This year's St George's Day protest in London (Peter Nicholls/Getty Images)

Even in supposedly secular and tolerant London, the safety of Jews has recently come to seem an unnervingly fragile thing. Last week, a London police officer was filmed threatening to arrest a man for being “openly Jewish”, and there have been calls for the Met chief Mark Rowley to resign following his force’s litany of failures on this front.
But is it fair to castigate the police? A closer look at the Met’s history reveals that the officer in question was less displaying prejudice, than applying principles the force has upheld since its formation in 1829. The decisions taken by the Met officer in the controversial clip appear, in this context, less evidence of Met bias or leadership failure, than the logical consequences of shifts in the capital for which the Met bears no responsibility, and the way these changes mesh with the Met’s longstanding model of policing.
The origin-story of this model, which still largely governs London’s Metropolitan Police, lies back in 1829. Then, Sir Robert Peel’s Act for Improving the Police in and near the Metropolis replaced the older patchwork of night-watchmen, constables, magistrates’ enforcers and freelance “thief-takers” (themselves often also criminals) that previously maintained some semblance of order amid London’s rapidly-growing and notoriously violent, gang-ridden streets.
The “Blue Devils” of this new body were initially treated with suspicion. Citizens feared the “bobbies”, named for Peel’s forename, would swiftly become a militarised enforcement wing of the government. Peel sought to combat this adversarial attitude with three core ideas aimed at ensuring alignment to, and cooperation with, law-enforcement officers and the public.
Policing, he insisted, should be preventive; this presupposed community support, and support required winning the trust of the community. To this end, Peel imposed strict new rules. “Bobbies” were almost always unarmed. They were held to high behavioural standards: half of Peel’s initial recruits were sacked and replaced for alcohol-related offences within two years. They were paid a salary rather than a bonus for arrests, to minimise the risk of corruption. And they were discouraged from forming relationships in the underworld: the Met’s official history describes how (unlike previous enforcers) bobbies were prohibited from entering pubs, speaking to prostitutes or cultivating informants among known criminals.

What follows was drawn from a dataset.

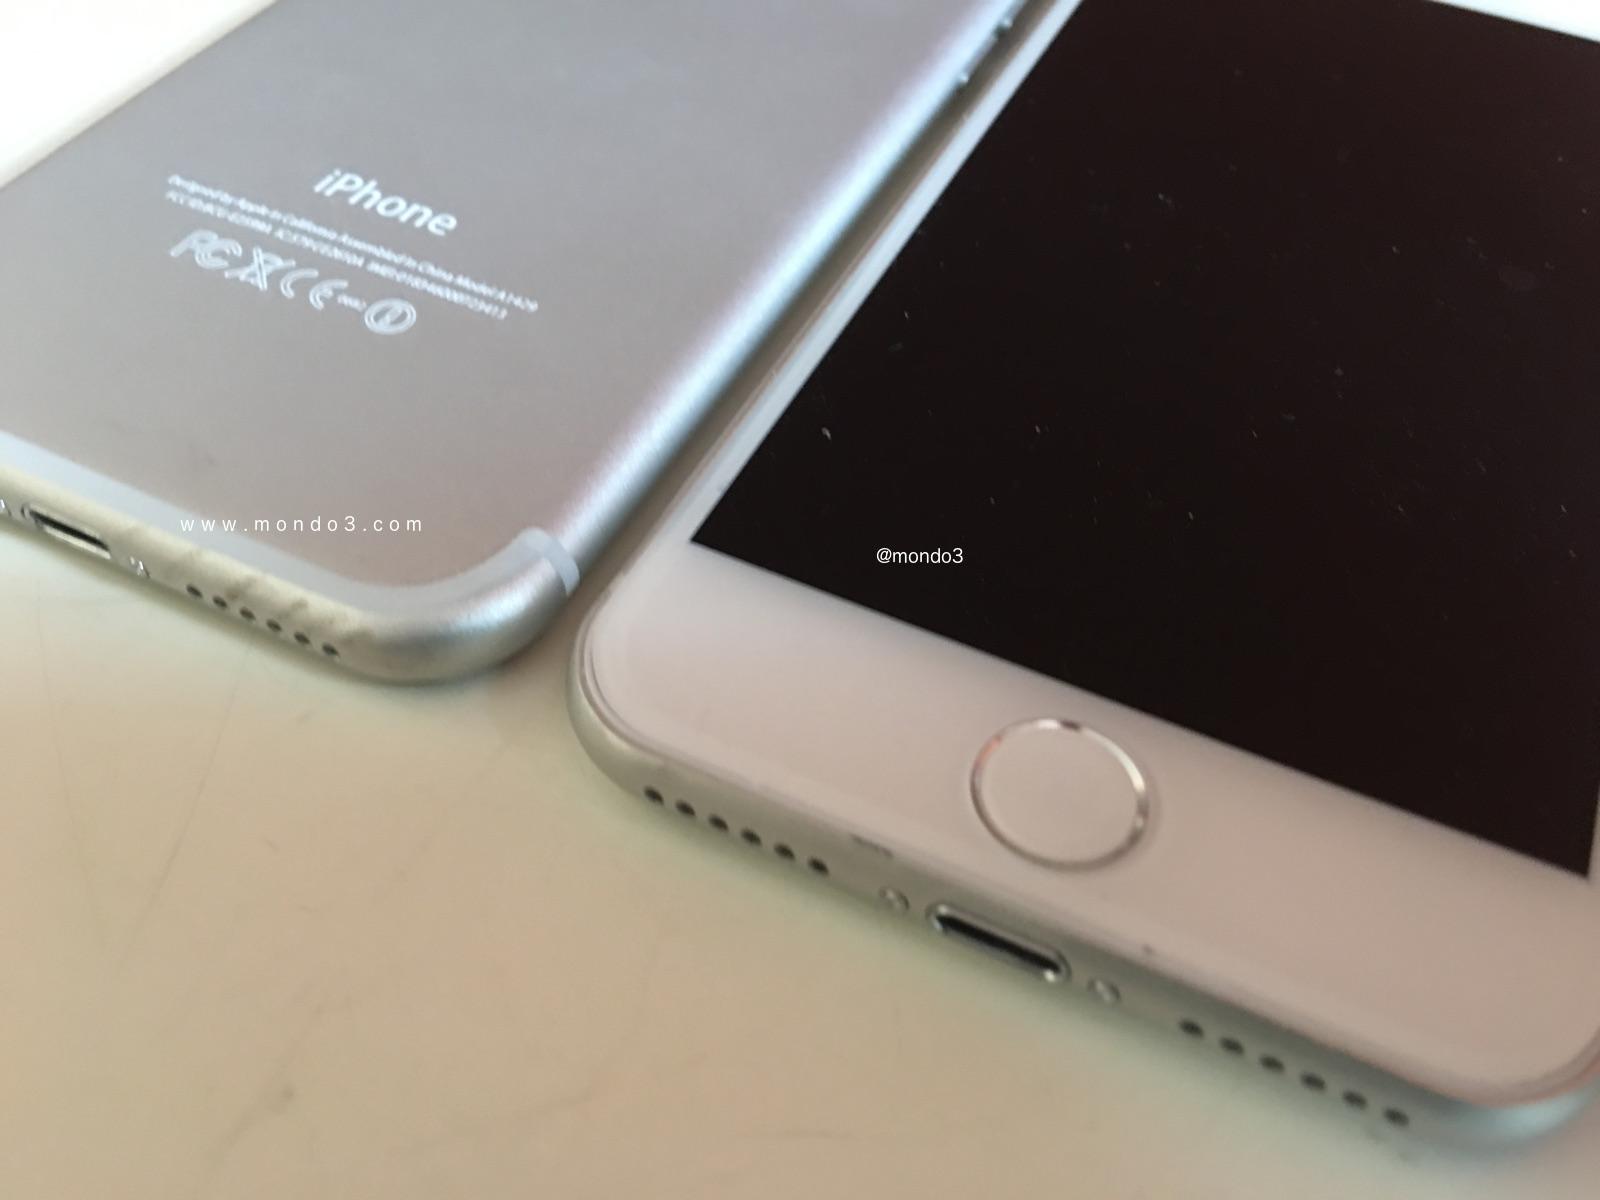 iPhone 7 a listino, Sunrise anticipa tutti: in offerta senza costi aggiuntivi

Peel’s approach was a success: crime fell continuously for a century after 1829, and his model swiftly spread to other parts of Britain. But the Britain of Peel’s era reached considerably beyond these shores — while the Peel policing model emphatically did not. Across Britain’s colonies, a far more militaristic model of policing prevailed: a pragmatic adjustment to the reality that you’re unlikely to have the same success with “community policing” among resentfully subjugated foreigners than your fellow countrymen.